A policy \(\pi : S \to A\) specifies which action to take in each state. The state-value function under \(\pi\) (Puterman 1994) is the expected discounted return from state \(s\):

\[ V^\pi(s) = \mathbb{E}\!\left[\sum_{t=0}^{\infty} \gamma^t R(s_t, a_t) \;\middle|\; s_0 = s,\, a_t = \pi(s_t)\right]. \]

The action-value function (Q-function) is the expected return from state \(s\) after taking action \(a\) and then following \(\pi\):

\[ Q^\pi(s, a) = R(s, a) + \gamma \sum_{s' \in S} P(s' \mid s, a)\, V^\pi(s'). \]

Bellman Expectation Equations

Expanding the definition of \(V^\pi\) one step:

\[ V^\pi(s) = R(s, \pi(s)) + \gamma \sum_{s' \in S} P(s' \mid s, \pi(s))\, V^\pi(s'). \]

This is the Bellman expectation equation for policy \(\pi\). It is a system of \(|S|\) linear equations in the unknowns \(V^\pi(s)\) and can be solved directly by matrix inversion:

\[ V^\pi = (I - \gamma P^\pi)^{-1} R^\pi, \]

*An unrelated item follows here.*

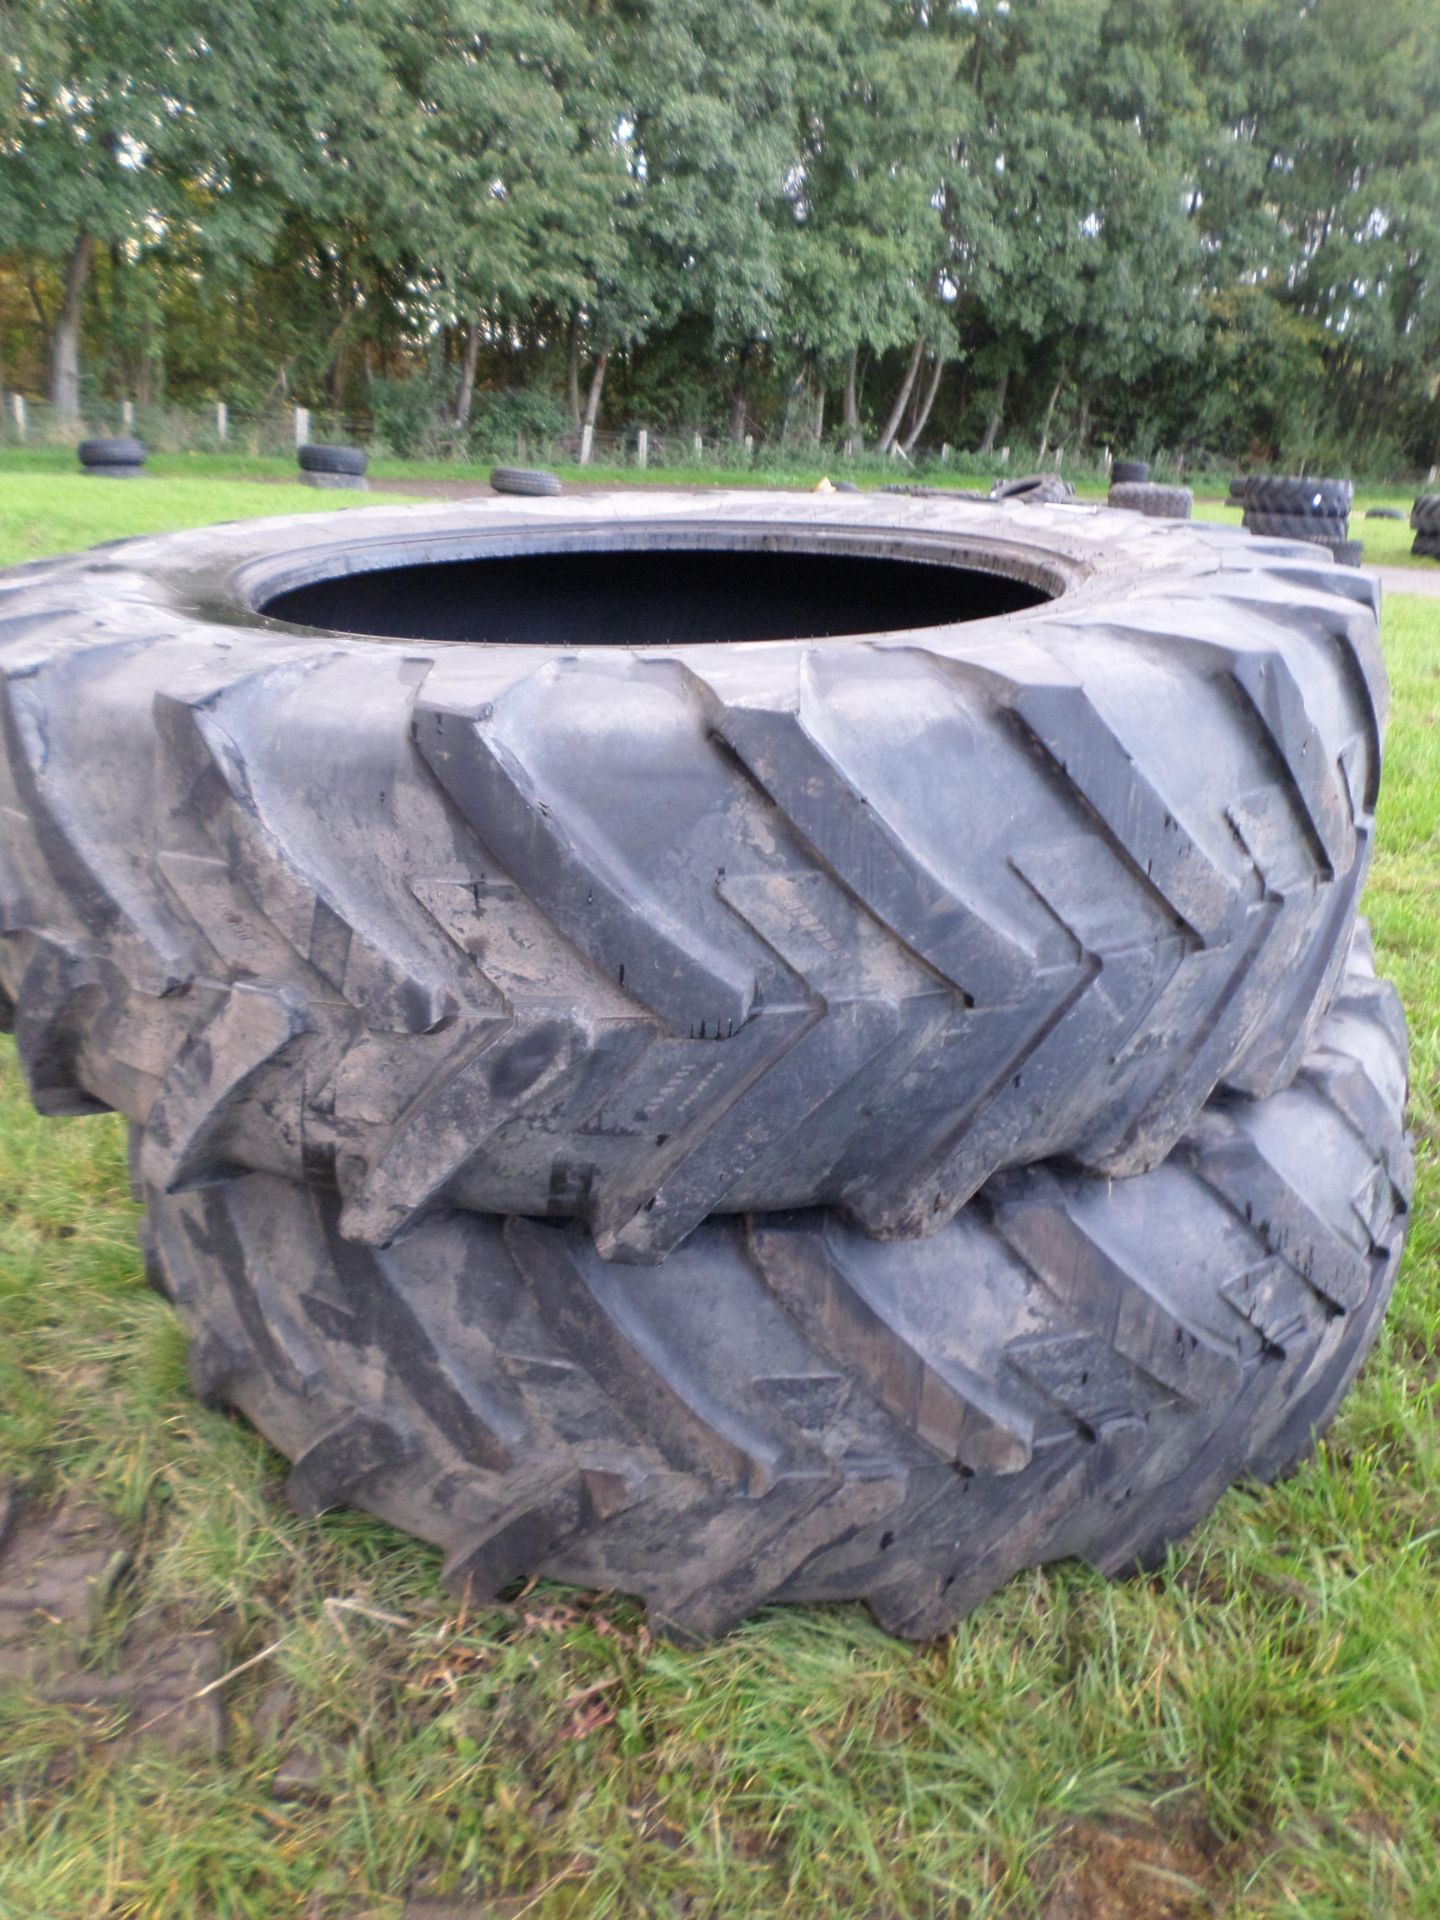 Pair of dual wheel tyres 20.8/42 - Image 3 of 3

where \(P^\pi_{ss'} = P(s' \mid s, \pi(s))\) and \(R^\pi_s = R(s, \pi(s))\). The matrix \(I - \gamma P^\pi\) is invertible because \(\gamma < 1\) ensures its spectral radius is less than 1.

Bellman Optimality Equations

One-step Bellman backup

A Bellman backup evaluates a state by looking one action ahead, then averaging over possible next states.

s a s’₁ s’₂ choosep=.6p=.4 Q(s,a)=r(s,a)+γ[.6V(s’₁)+.4V(s’₂)]

The optimal value function \(V^*(s) = \max_\pi V^\pi(s)\) satisfies:

\[ V^*(s) = \max_{a \in A} \left[ R(s, a) + \gamma \sum_{s'} P(s' \mid s, a)\, V^*(s') \right]. \]

The optimal Q-function satisfies:

\[ Q^*(s, a) = R(s, a) + \gamma \sum_{s'} P(s' \mid s, a)\, \max_{a'} Q^*(s', a'). \]

Given \(V^*\), the optimal policy is:

\[ \pi^*(s) = \operatorname*{arg\,max}_{a \in A} \left[ R(s, a) + \gamma \sum_{s'} P(s' \mid s, a)\, V^*(s') \right]. \]

Unlike the expectation equations, the optimality equations are nonlinear (due to the max) and cannot be solved by direct matrix inversion.

The Bellman Operator

Define the Bellman optimality operator \(\mathcal{T}\) acting on value functions \(V : S \to \mathbb{R}\):

\[ (\mathcal{T} V)(s) = \max_{a \in A} \left[ R(s, a) + \gamma \sum_{s'} P(s' \mid s, a)\, V(s') \right]. \]

\(V^*\) is the unique fixed point of \(\mathcal{T}\): \(\mathcal{T} V^* = V^*\).

\(\mathcal{T}\) is a \(\gamma\)-contraction in the \(\ell^\infty\) norm: for any two value functions \(V\) and \(W\),

\[ \|\mathcal{T} V - \mathcal{T} W\|_\infty \leq \gamma \|V - W\|_\infty. \]

(proof)

The analogous operator \(\mathcal{T}^\pi\) for a fixed policy \(\pi\) is also a \(\gamma\)-contraction, with fixed point \(V^\pi\). (proof)

References

Bellman, Richard. 1957. Dynamic Programming. Princeton University Press. https://press.princeton.edu/books/paperback/9780691146683/dynamic-programming.
Puterman, Martin L. 1994. Markov Decision Processes: Discrete Stochastic Dynamic Programming. In Wiley Series in Probability and Statistics. Wiley. https://doi.org/10.1002/9780470316887.